7 Novels by Indian Authors That Will Pull at Your Heartstrings

There are stories and then there are stories. Some tell tales of fantastic dystopian or even utopian worlds that fire up our imaginations, and yet there are some that reach deep into the cockles of our hearts and draw at our tenderest heartstrings leaving us with a warm, fuzzy feeling inside. Here are seven such novels that are likely to touch you to the heart:

Undertow by Jhanavi Barua

Twenty-five-year-old Loya is on the path to self-discovery. So, while she goes to Assam to research the Asian elephant, Elephus Maximus, she has other motivations too: to uncover her roots and her mother Rukmini’s ugly past with her family, triggered when she decided to marry outside of her religion against her mother’s wishes. However, Torun, Rukmini’s father was never against it, but had cut ties with his daughter to follow his wife’s wishes. When Loya reaches home, she and Torun are distant and polite, but eventually end up having a mild confrontation that at the end results in healing. Circumstances also make Rukmini return home after years of separation, and though there is much pain in this novel, there is also the undying hope of reconciliation.

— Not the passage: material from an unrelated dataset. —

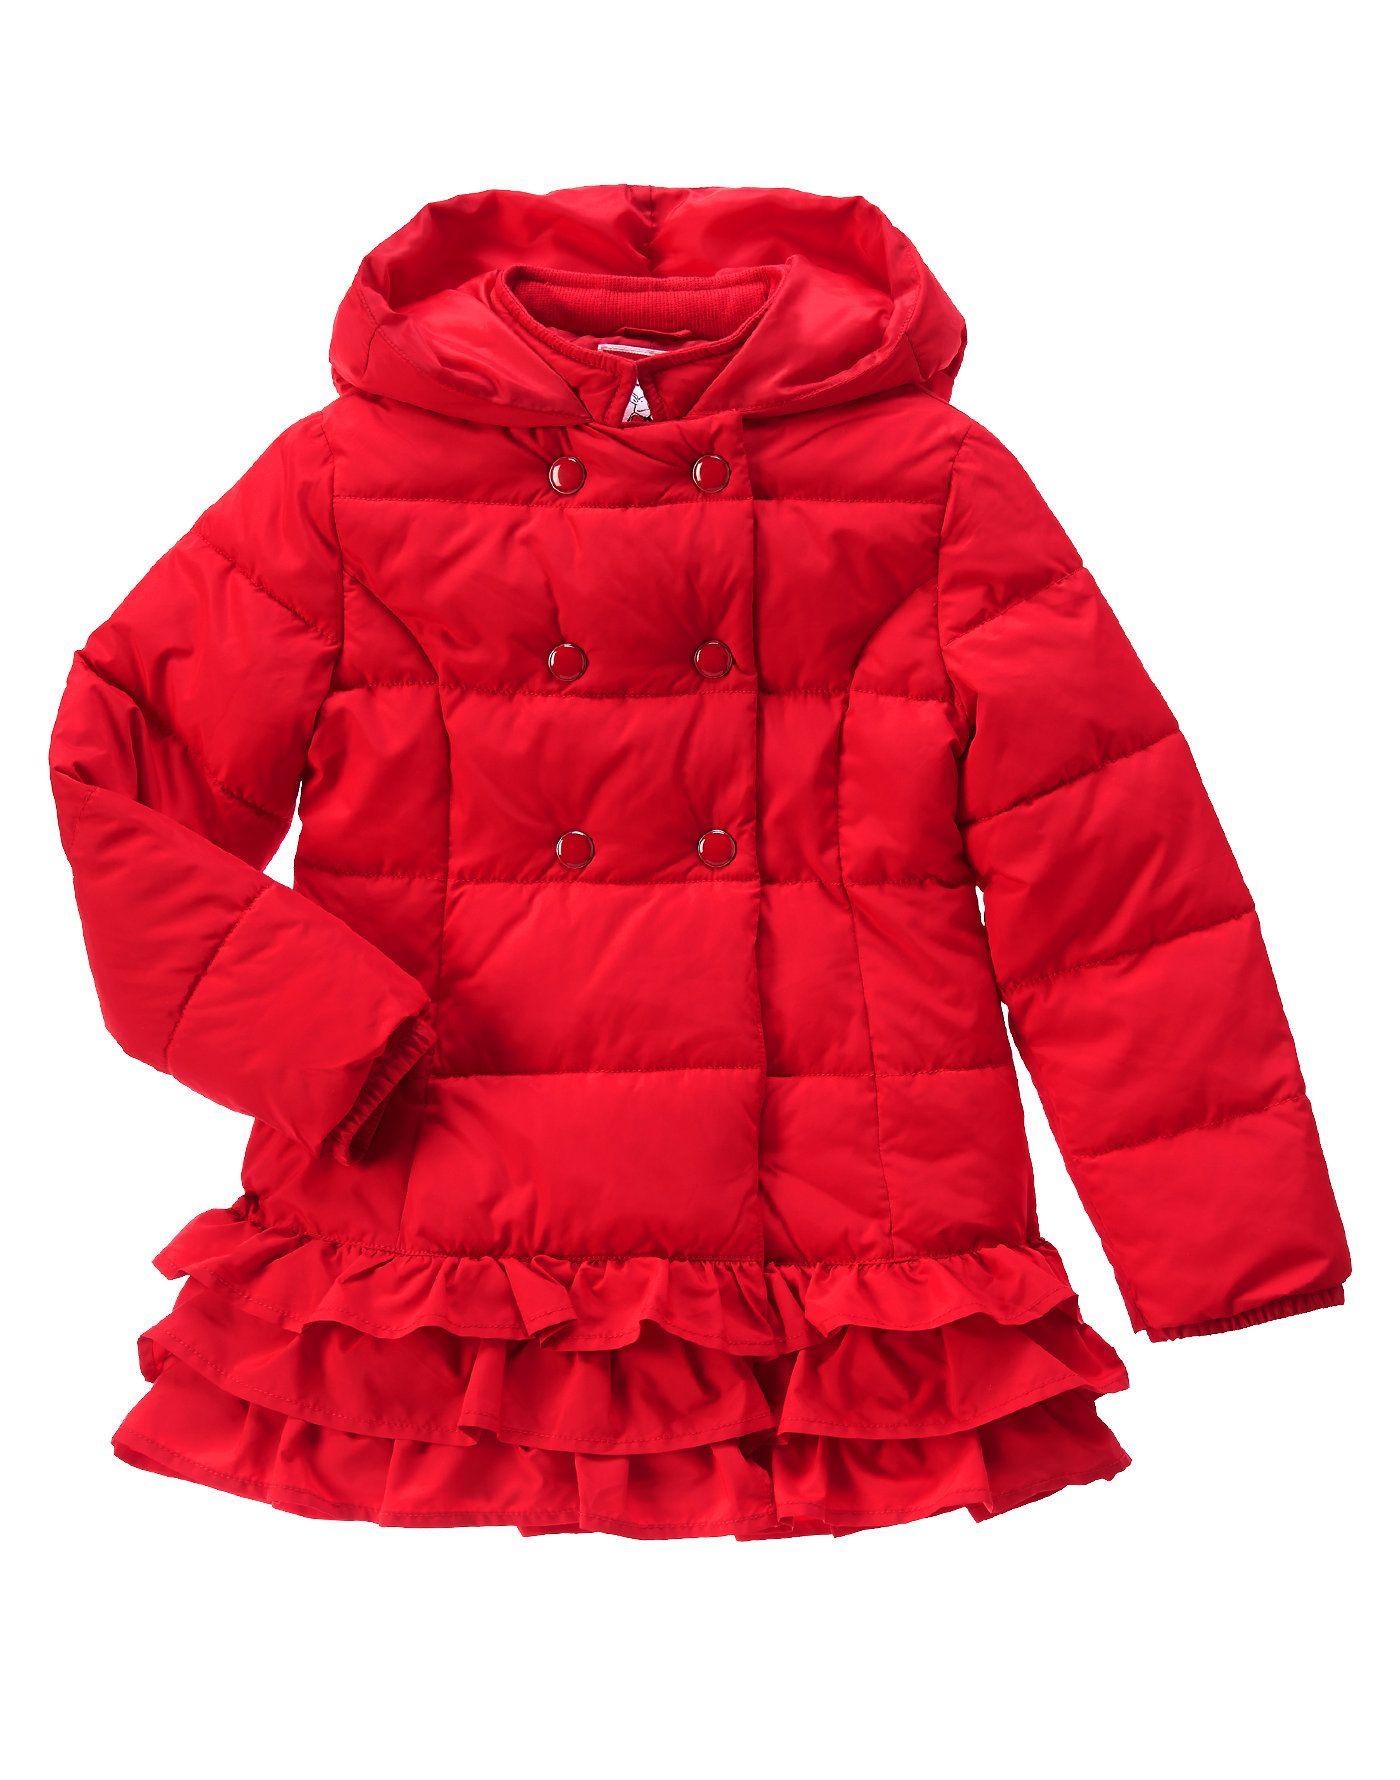 5394b4e1fed43 Olivia Ruffle Puffer Jacket at Gymboree

Sea of Poppies by Amitav Ghosh

Set in Kolkata, on the banks of the Ganges, The Sea of Poppies takes place before the First Opium War. Though enriched with many characters, the story primarily follows Deeti, a young and traditional woman married to a cripple, and whose mother-in-law not only hates her, but also drugs her with opium on the night of her marriage so she can bear the child of her husband’s brother. When her husband dies, however, she is forced to commit sati but is rescued by Kalua, an ‘untouchable’. To escape, Deeti and Kalua finally board the ship, The Ibis, as it sets out its voyage across the Indian Ocean. Here, their lives get intertwined with those like themselves and others such as the American, Zachery Reid and a Raja gone bankrupt. Life on the sea changes things for everyone and they come to rediscover themselves and each other.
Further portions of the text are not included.